Colorful red, green and yellow bell peppers have become the second leading cash crop in the Coachella Valley.
There are only about 3,000 acres in the valley, but the value of the summer and fall pepper crops totals more than $41 million, second only to Flame Seedless table grapes.
University of California Cooperative Extension Riverside County Farm Advisor Jose Aguiar told the recent Desert Vegetable Crops Workshop in Holtville, Calif., that growing bell peppers is as challenging as it is lucrative.
“If you grow peppers, you really need to be thinking ahead about problems because you will have them and you need a control plan,” he said.
Desert peppers are grown on plastic mulch and drip irrigated. Pre-plant Methyl bromide fumigation continues to be the key to getting a profitable crop, which is a yield of about 1,500 boxes per acre.

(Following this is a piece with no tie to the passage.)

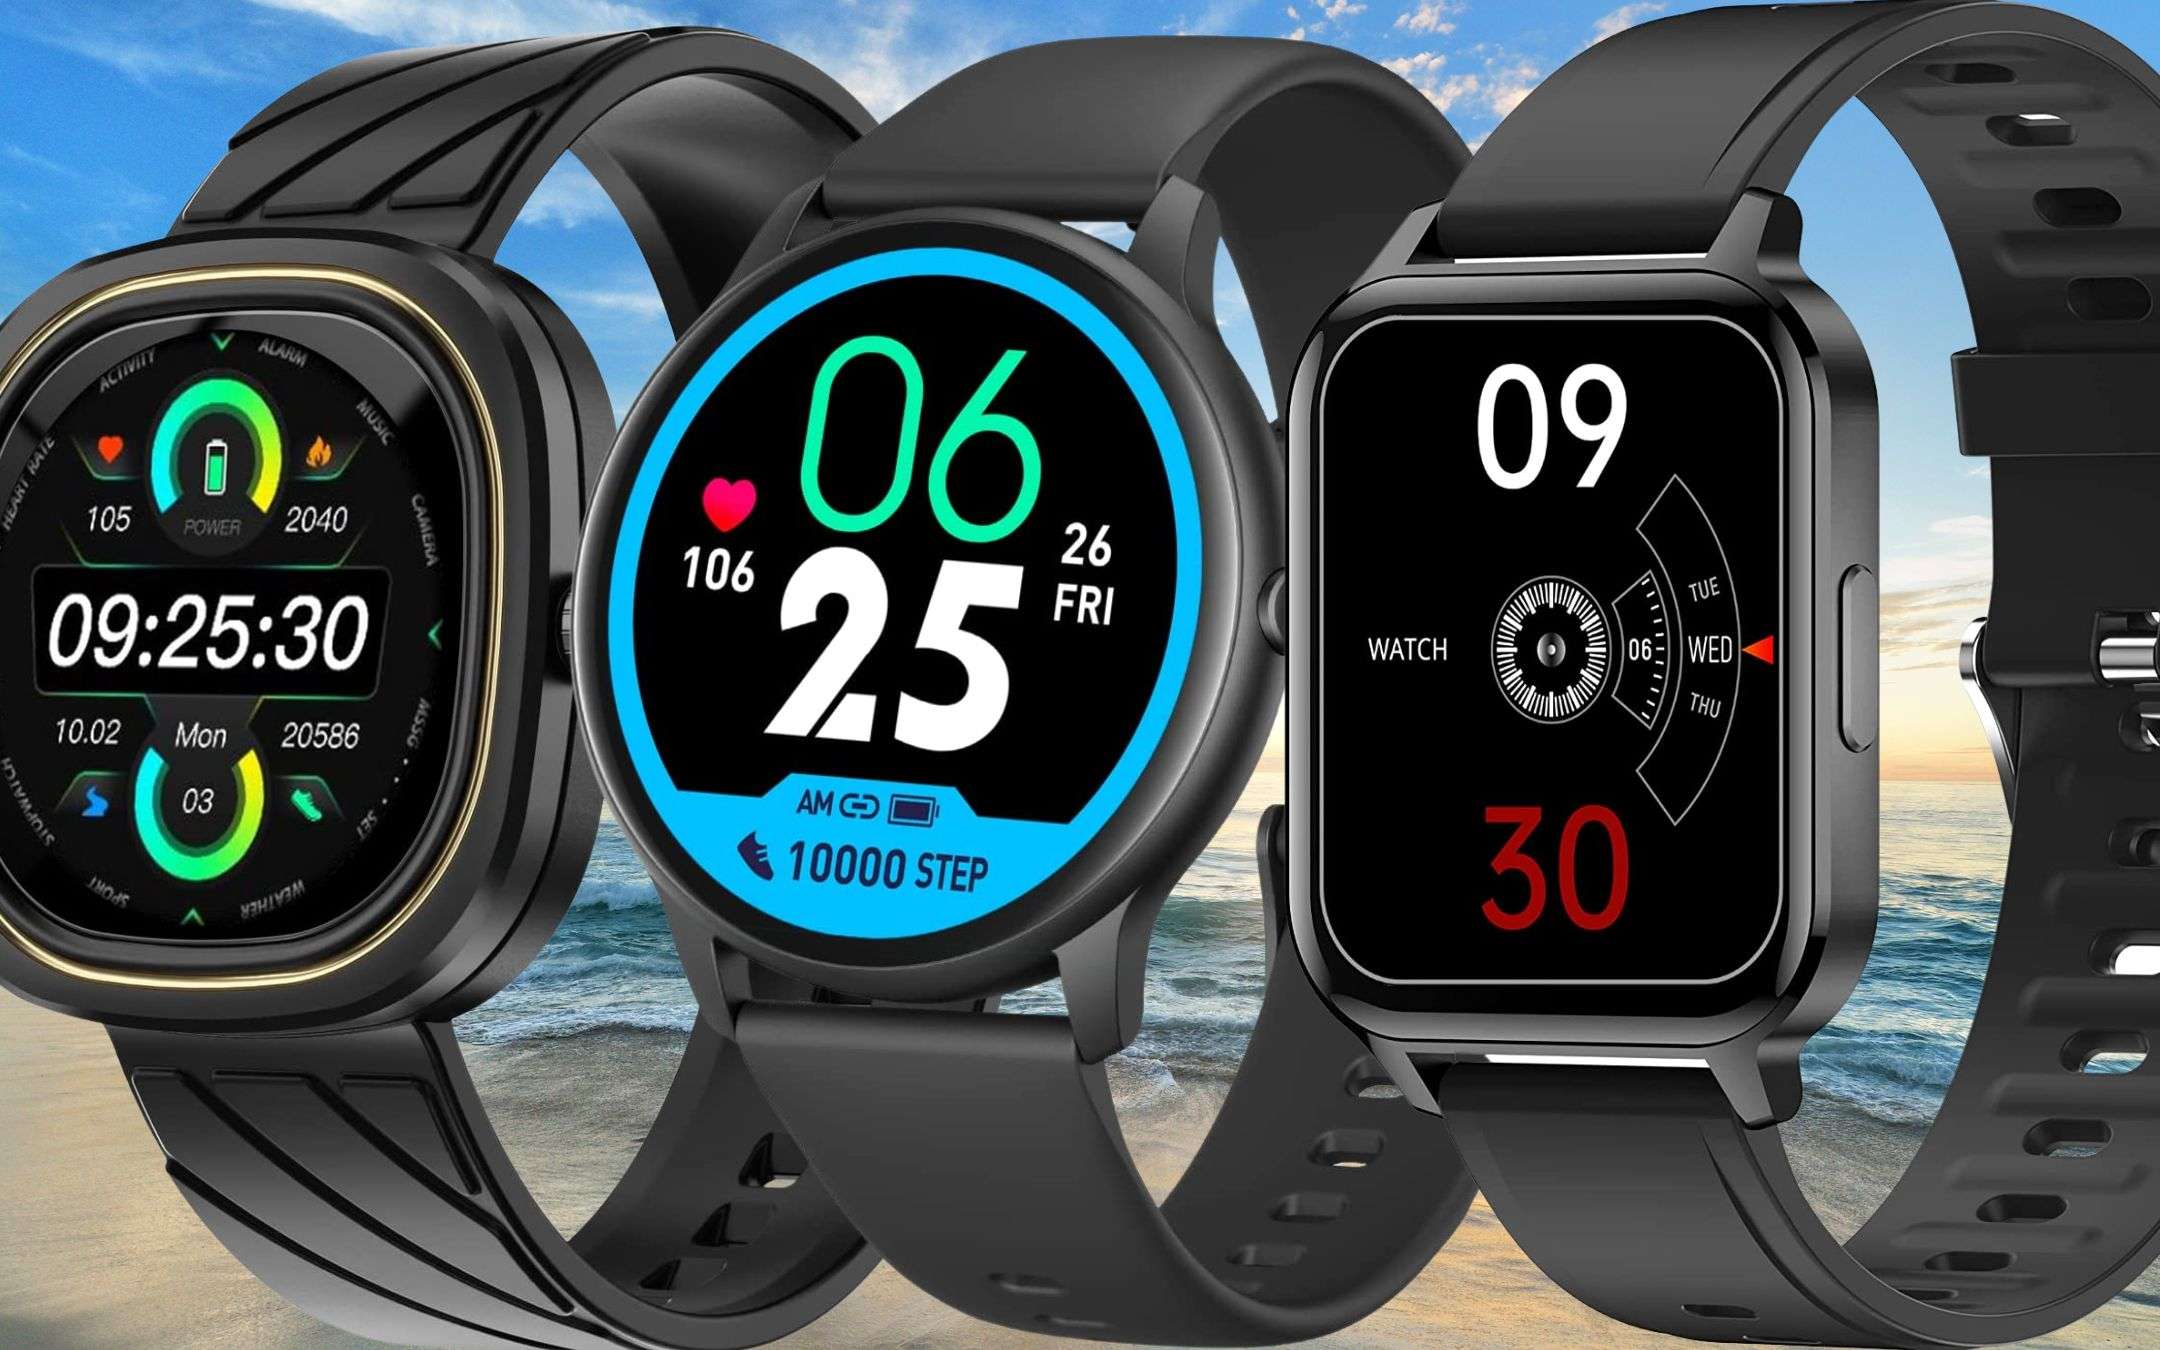 Tre smartwatch a meno di 20€ assolutamente IMPERDIBILI su Amazon

Nematodes can be a problem and ground beetles migrating from vineyards can girdle pepper plants. Aphid, psyllids and mites can be problems.
Bell peppers can be damaged by a wide array of diseases, including a new one that surfaced recently.
“We are starting to see fusarium problem and growers want to know if it is coming from the greenhouses. It is possible, but not probable because fusarium can stay in the soil a long time and be carried by wind and irrigation water,” he said.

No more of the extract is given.